Pictures stay out; print the rest of the listing below exactly as it stands.

◆ Given data:
..............................
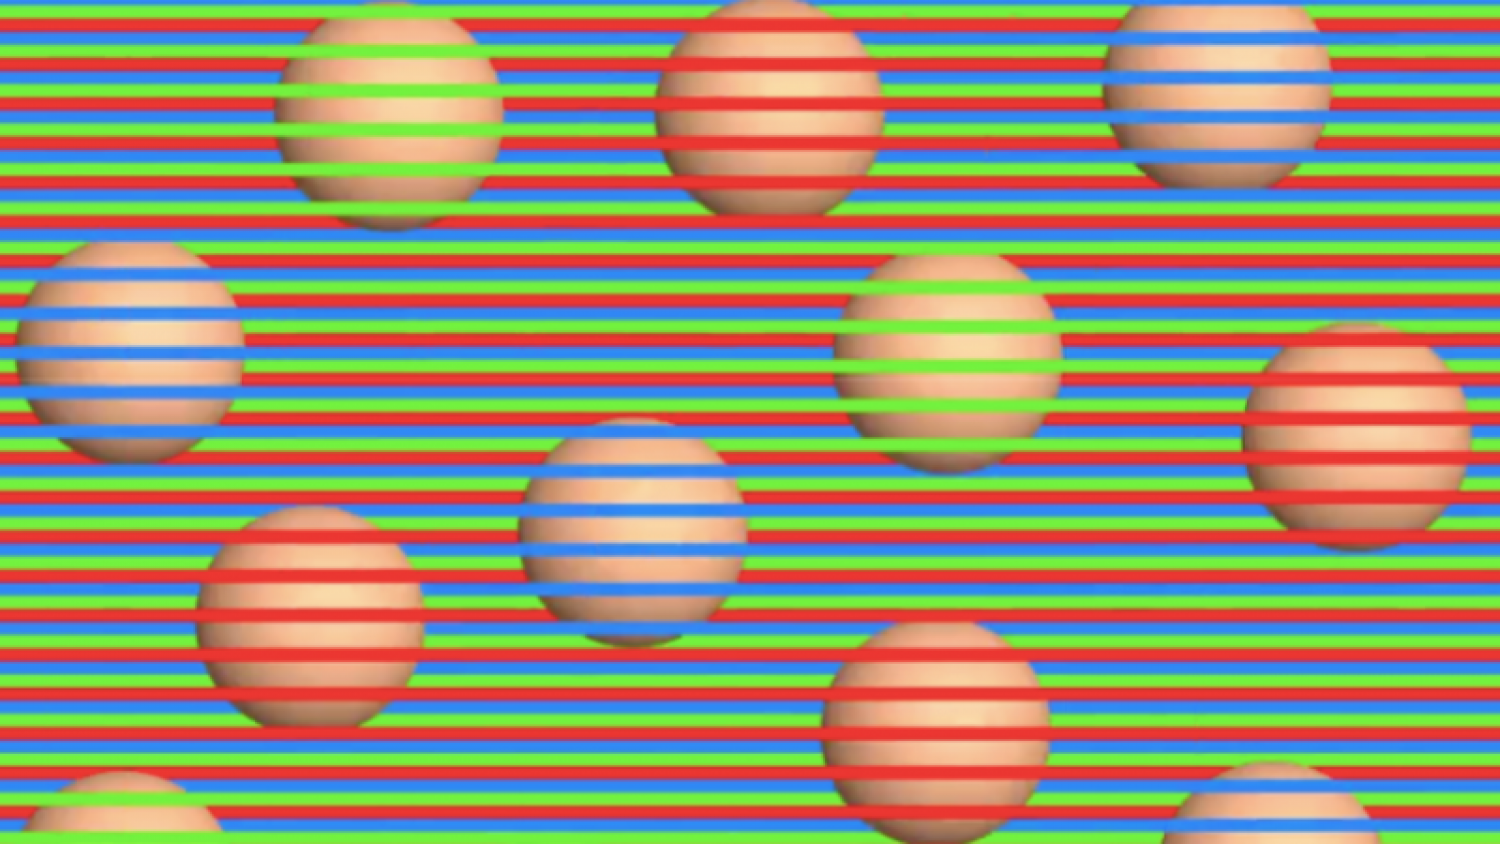 Optikai csalódás: ezek a golyók egyszínűek! Szerinted melyik szín?
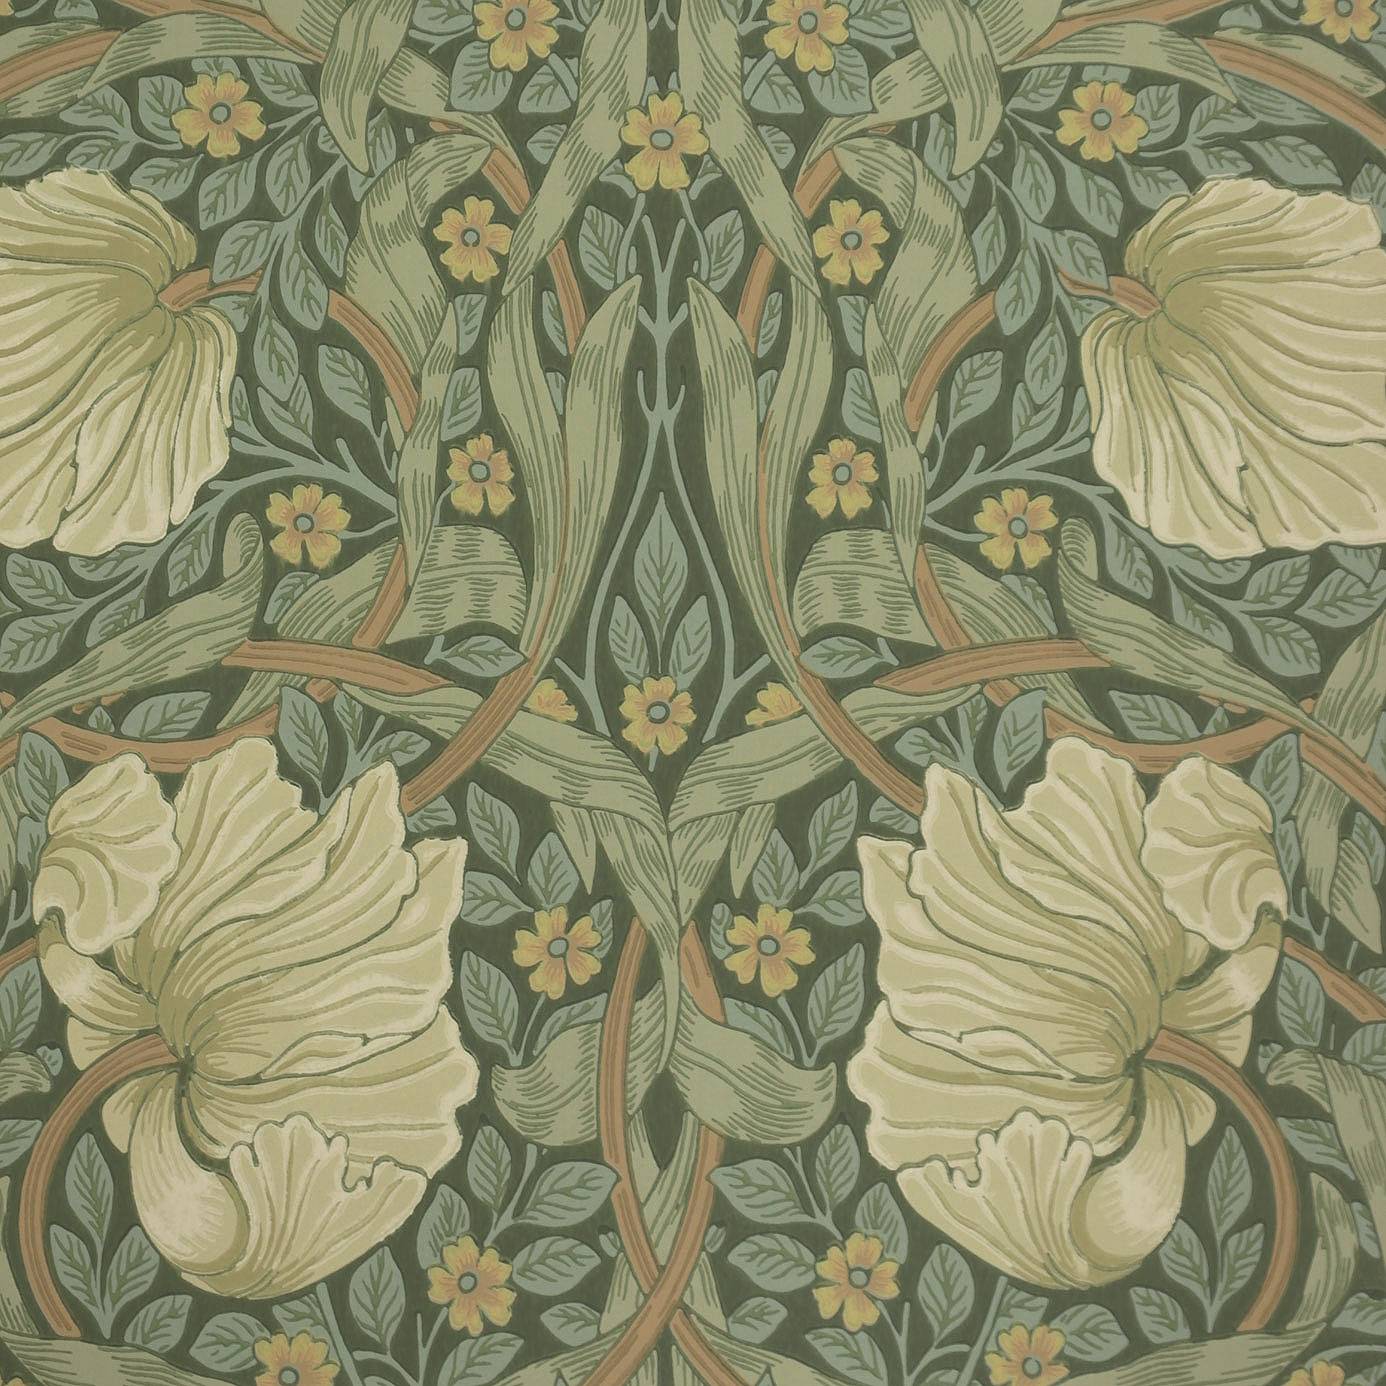 william morris wallpaper,wallpaper,leaf,pattern,botany,floral design
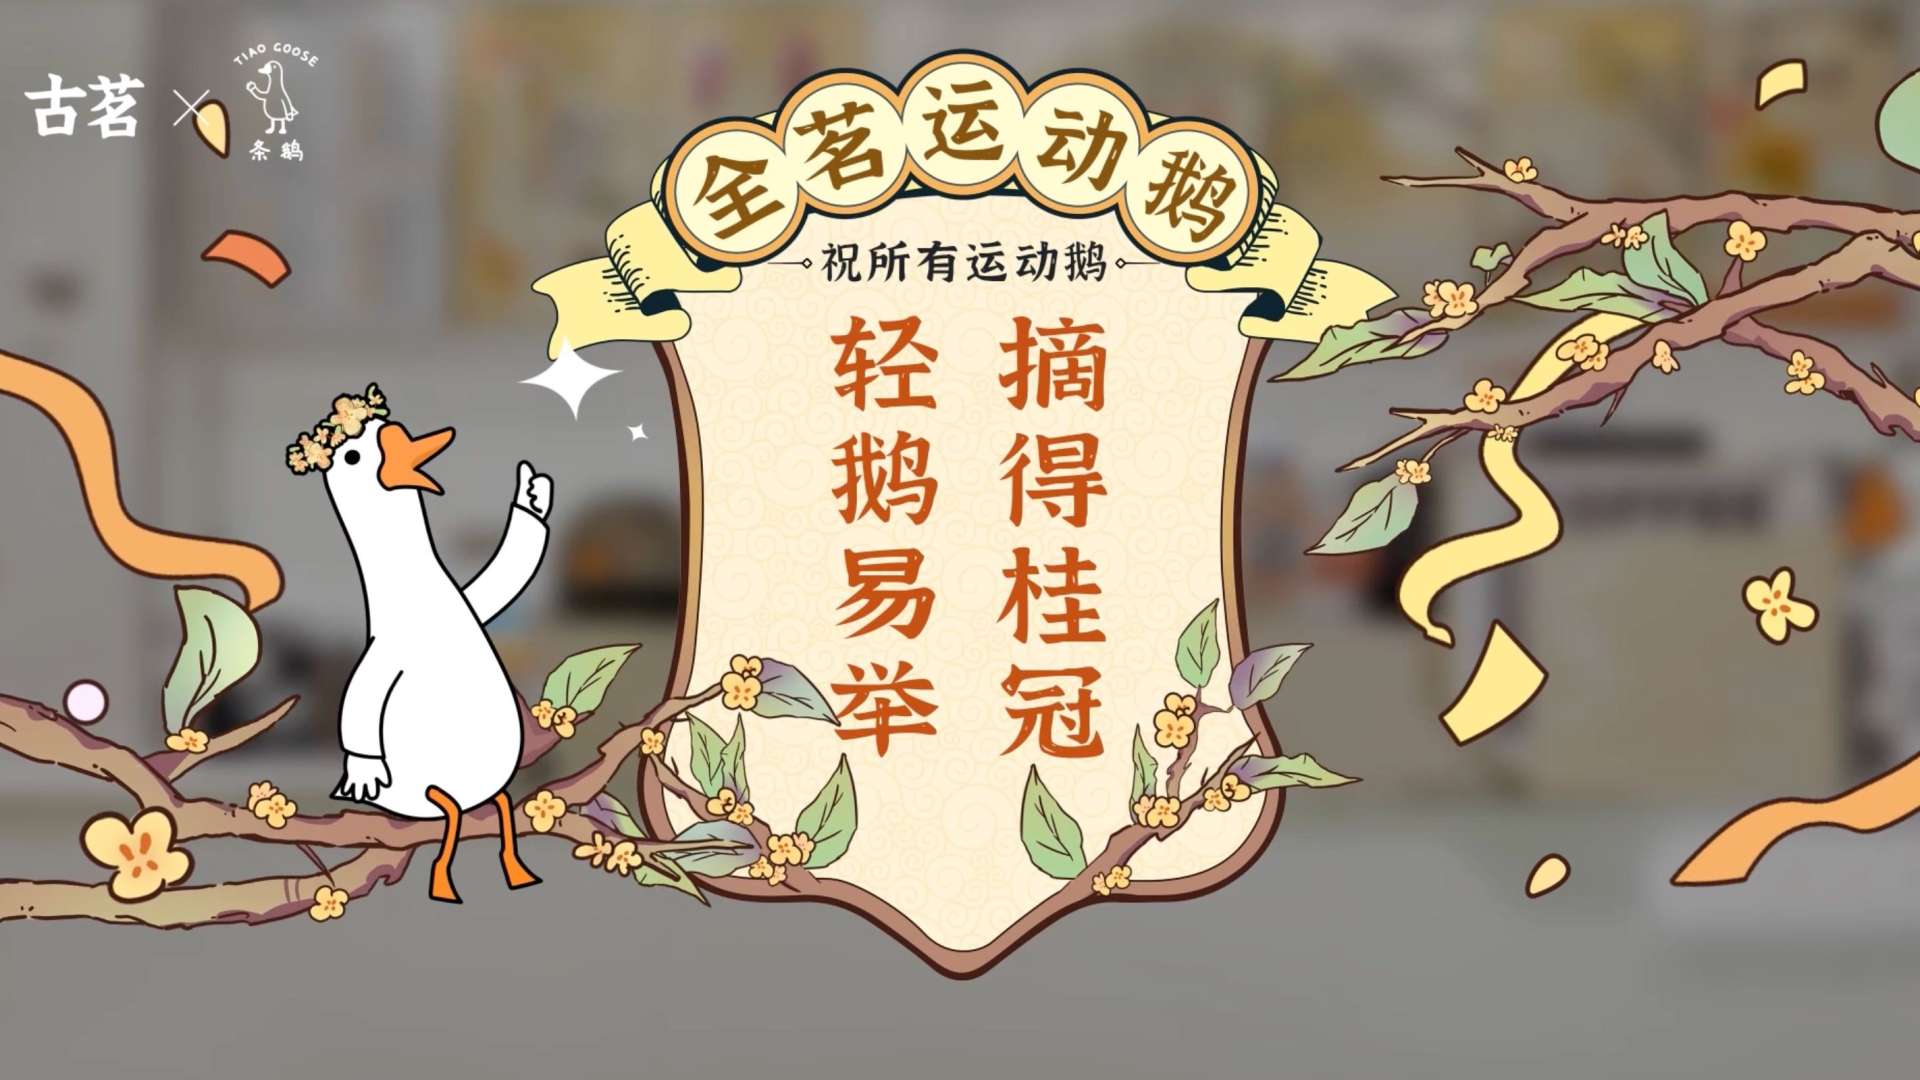 古茗《全茗运动鹅》动画广告：轻“鹅”易举！“饮”以为荣！
..............................
◆ Exercise output:
 Optikai csalódás: ezek a golyók egyszínűek! Szerinted melyik szín?
 william morris wallpaper,wallpaper,leaf,pattern,botany,floral design
 古茗《全茗运动鹅》动画广告：轻“鹅”易举！“饮”以为荣！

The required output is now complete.